What are the tax advantages of buying property through an EOOD? +
The main advantages are: rental income taxed at 10% CIT on net profit (after deducting all documented expenses), building depreciation at 4% per year (reducing taxable income without cash outflow), full deductibility of maintenance, insurance, mortgage interest, and management costs, and capital gains taxed at 10% CIT. The combined CIT + dividend rate is 15%.

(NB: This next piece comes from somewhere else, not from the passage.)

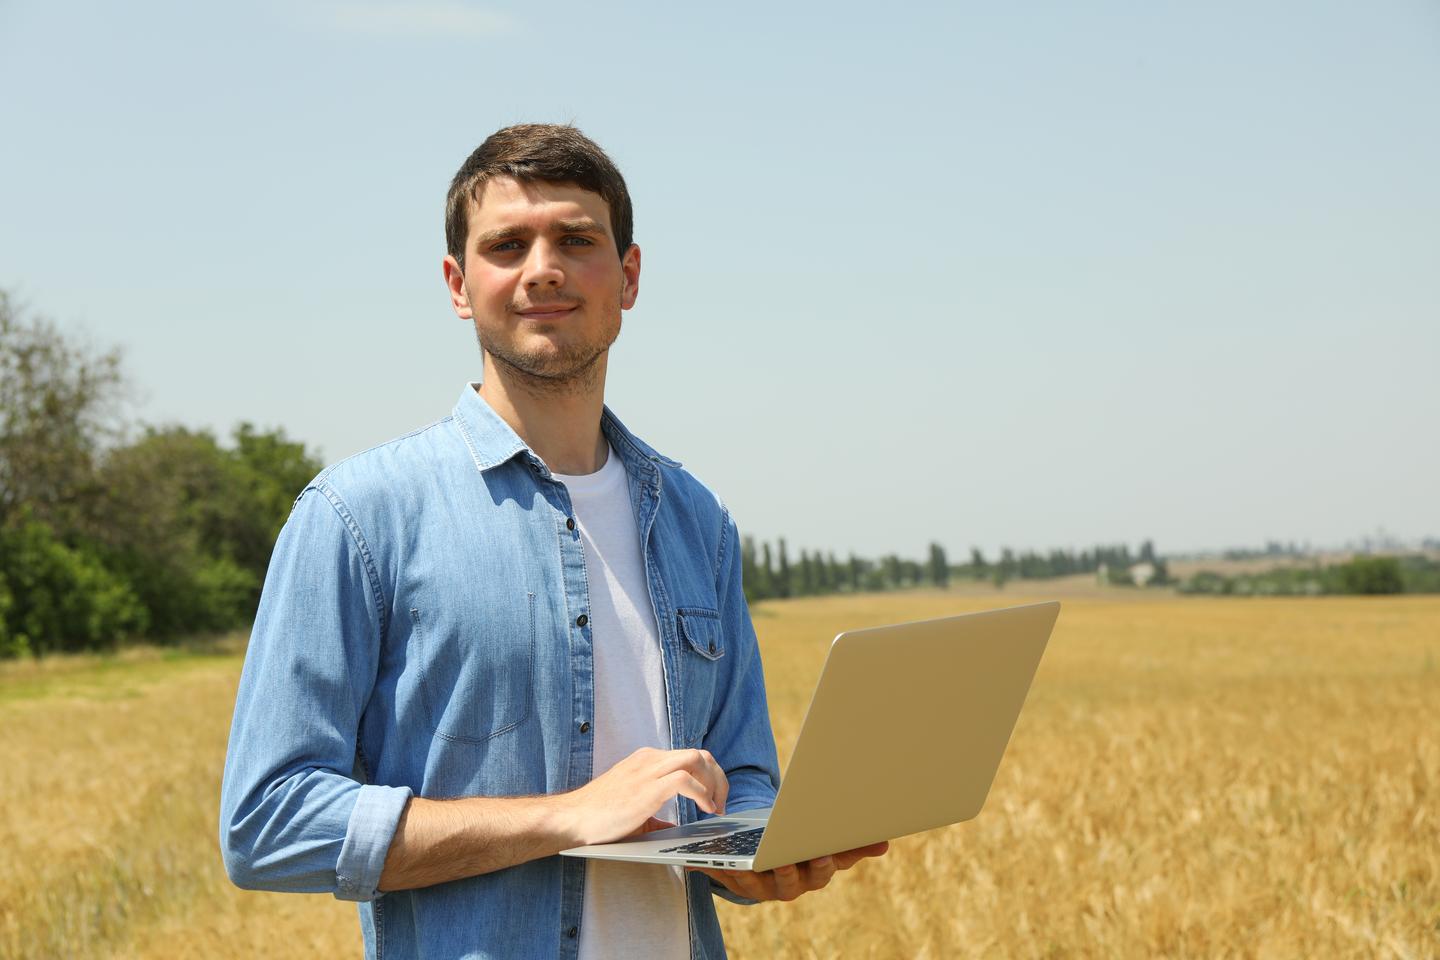 Mann mit Laptop vor Getreidefeld

Is it better to buy property personally or through an EOOD? +
It depends on your situation. Personal ownership is better if you plan to buy one property, hold it 3+ years, and sell (0% capital gains tax). EOOD ownership is better if you want to deduct expenses and depreciation against rental income, if you are a non-EU citizen who needs agricultural land, or if you want liability separation. If your real property expenses exceed 10% of gross rental income, the EOOD typically produces a lower tax bill on rental income.

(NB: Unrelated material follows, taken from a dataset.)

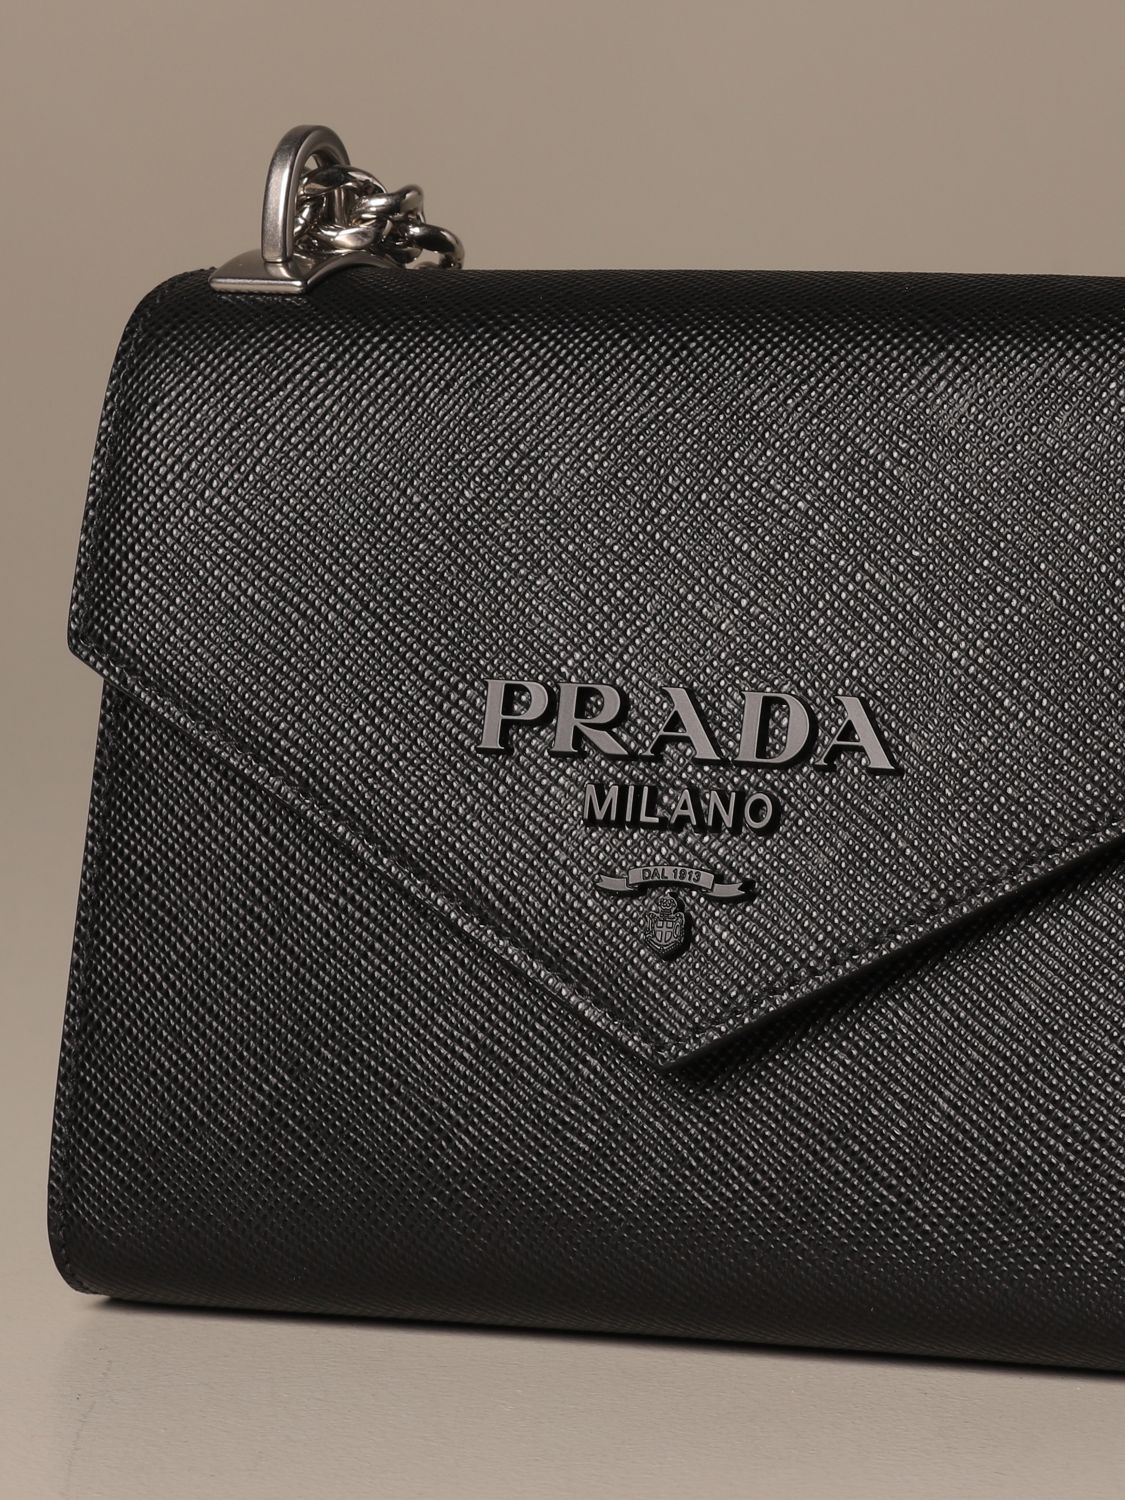 Shop PRADA Prada Monochrome Saffiano and leather bag  (1BD317_2ERX_F02TG_V_3O3, 1BD317_2ERX_F0009_V_3O3, 1BD317_2ERX_F0002_V_3O3)  by iNTheBAG

What is the depreciation rate for buildings in a Bulgarian EOOD? +
The maximum tax depreciation rate for buildings in Bulgaria is 4% per year using the straight-line method (25-year useful life). Land is not depreciable. For a property worth EUR 200,000 with a building value of EUR 160,000, annual depreciation is EUR 6,400 — reducing your corporate tax bill by EUR 640 per year.
Does the EOOD lose the personal capital gains exemption? +
Yes. The Bulgarian personal CGT exemption (0% tax on sale of one residential property held 3+ years) applies only to individuals. An EOOD always pays 10% CIT on capital gains from property sales regardless of holding period. If profit is distributed as dividends, an additional 5% WHT applies — 15% total. This is the most significant disadvantage of the EOOD structure for buy-and-hold investors.
Can an EOOD get a mortgage in Bulgaria? +
Yes, but it is significantly harder than for individuals. Banks are more cautious with corporate borrowers — expect higher interest rates, lower loan-to-value ratios (larger down payment), and stricter documentation requirements. Foreign-owned EOODs face additional scrutiny. Many EOOD property investors fund purchases with equity or arrange financing in their home country.
How much does it cost annually to maintain an EOOD that holds property? +
Budget EUR 1,500-3,800 per year for EOOD-specific costs: accounting (EUR 100-250/month), registered address (EUR 15-40/month), KEP electronic signature (EUR 25-50/year), and GFO annual filing (EUR 15). This is on top of property-specific costs like annual property tax (0.1-0.45% of tax assessment) and garbage collection tax. See our complete EOOD running cost guide for details.
Can I live in a property owned by my EOOD? +
Yes, but it must be structured correctly. The property belongs to the company, not to you personally. You can either pay rent to the EOOD (the EOOD declares rental income), or the personal use can be treated as a benefit in kind (which has income tax implications for you). Your accountant should advise on the most tax-efficient arrangement based on your specific situation.

Disclaimer: This article provides general guidance on buying property through a Bulgarian EOOD based on current legislation as of April 2026. Municipal transfer tax rates, notary fee tariffs, and annual property tax rates are set by local municipalities and may vary. Corporate income tax is 10% and dividend withholding tax is 5%, giving a combined rate of 15%. Building depreciation is capped at 4% per year for tax purposes under the Corporate Income Tax Act. This article does not constitute legal or tax advice. For personalized guidance on your specific property investment, consult a qualified Bulgarian lawyer. Last updated: April 8, 2026.